Moanalua will play Punahou on Tuesday.
All in all, both coaches were low-key, but excited about what they saw.
“Moanalua is scrappy, they run the court well, push the ball well. They had double-digit layups on us. They’ll be a state tournament team,” Nakanishi predicted.
Some teams that don’t have depth in the front court resist the opportunity to trap defensively. Kamehameha showed a willingness to challenge at midcourt and in the backcourt.
“That’s why we do ball-pressure drills daily. We’ve got to play bigger than we are. We’re a small team for sure,” said Nakanishi, who guided the Warriors to the state title two seasons ago. “If we sit back, we get the ball pounded in on us versus attacking guards, if we get some traps, get some deflections. It’s tough trying to trap with small players, though.”

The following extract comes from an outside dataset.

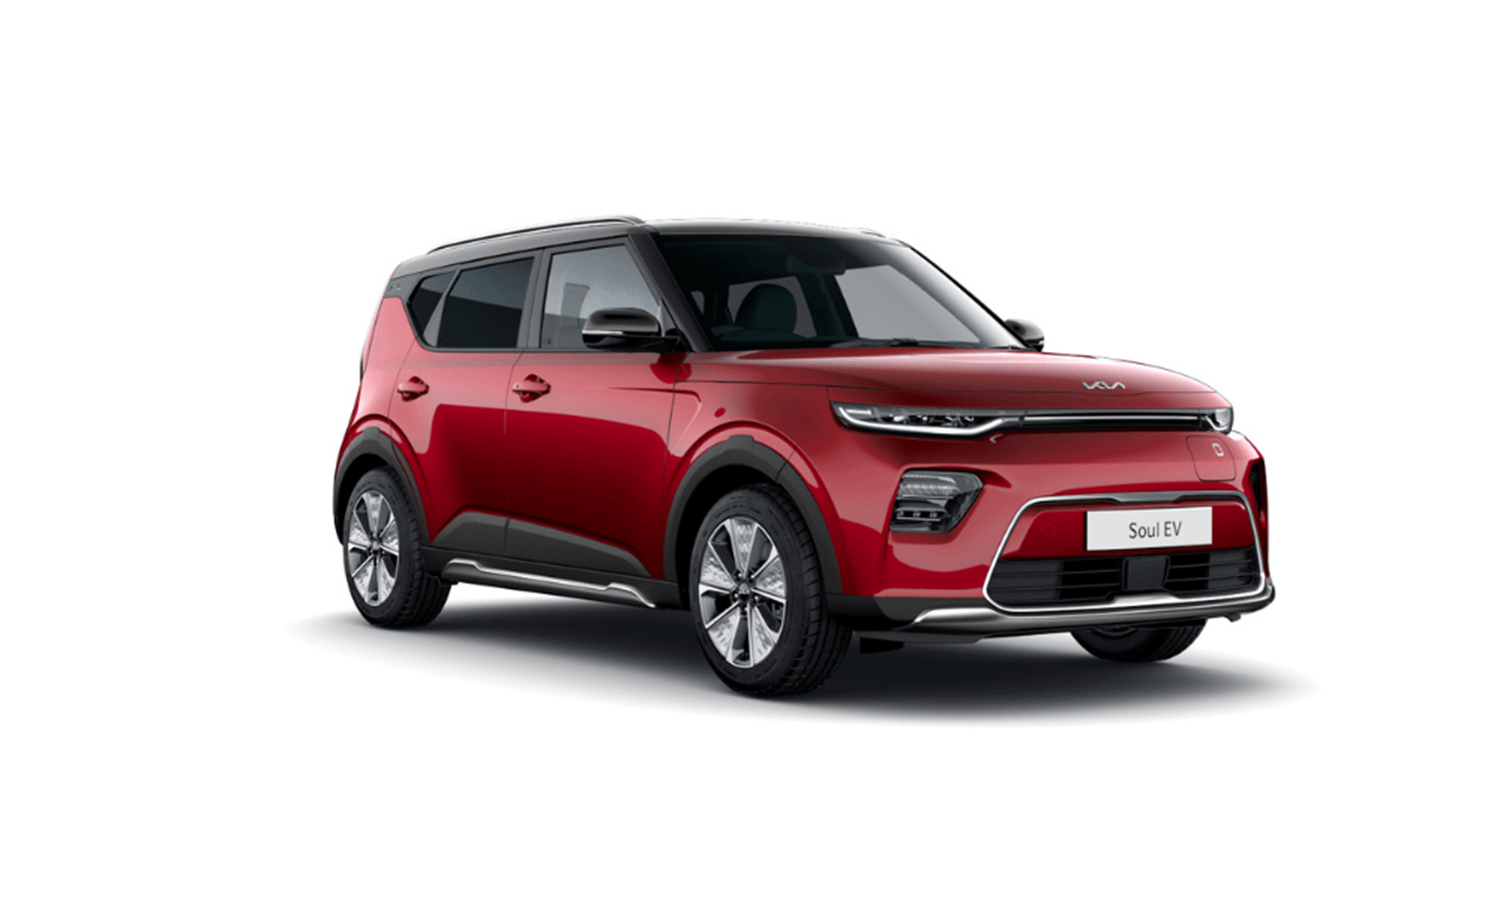 Kia Soul EV Maxx in Cherry Red Front Side View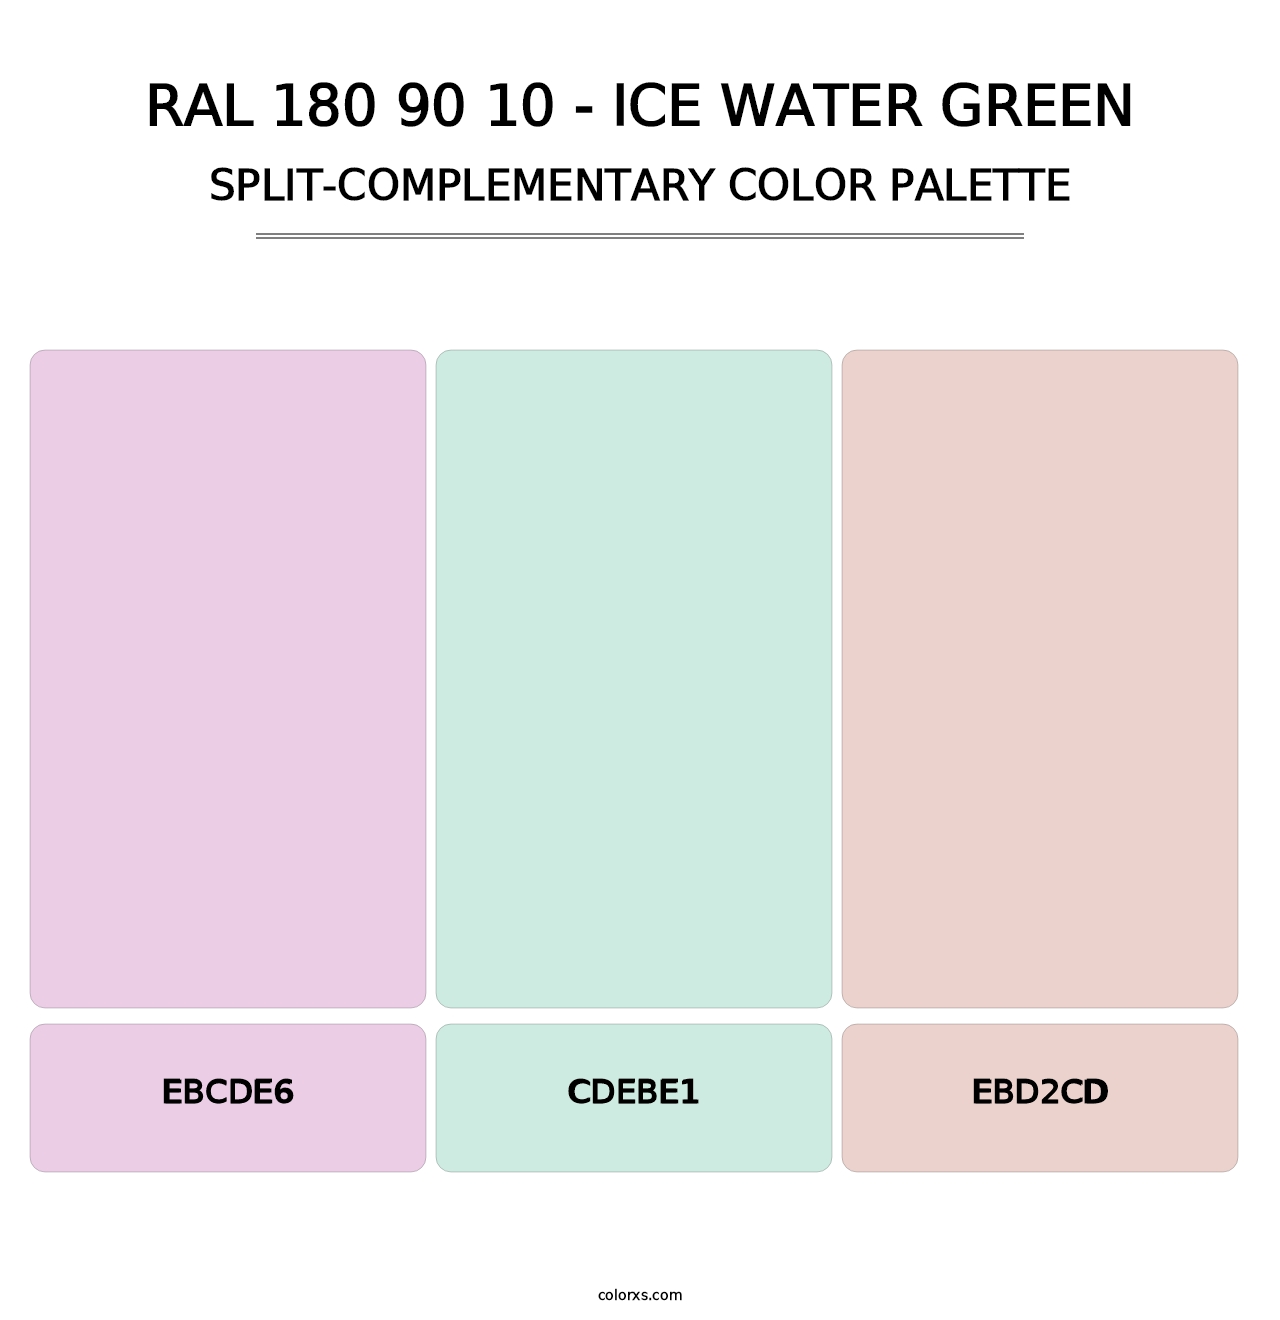 RAL 180 90 10 - Ice Water Green - Split-Complementary Color Palette

Kamehameha has the Jim Alegre Classic in the coming week, the annual tourney at Radford High School.
“It’s a pretty high-risk defense we play (to) set the tone, set the tempo. I expect us to be scrappy and get after it,” Nakanishi said.
At Kekuhaupi‘o Gym
Moanalua 16 14 14 10 — 54
Kamehameha 12 25 10 18 — 65
Moanalua: Bronson Kepa 2, Aaron Davis 0, Keven Amaral 4, Dexter Williams 12, Wesley Armbrust 12, Brandon Guerreo 2, Kreig Kepa 0, Alex Hutson 0, Jayar Edwin 0, Dominique Jones 4, Carl Ko 8, Dillon Turk 6, Clinton Winham 0, Shane Ratledge 0, Richard Villasenor 4.
Kamehameha: Dyrbe Enos 16, Frank Ho 3, Micah Christenson 22, Brandon Orpillia 3, Davis Achong 8, Makoa Camanse-Stevens 1, Trent Park 0, J.T. Campbell 4, Charlton Tang 8, Gavin Lagrange 0, Shane Yoshida 0.
3-point goals: Moanalua 1 (Armbrust), Kamehameha 3 (Enos 2, Ho).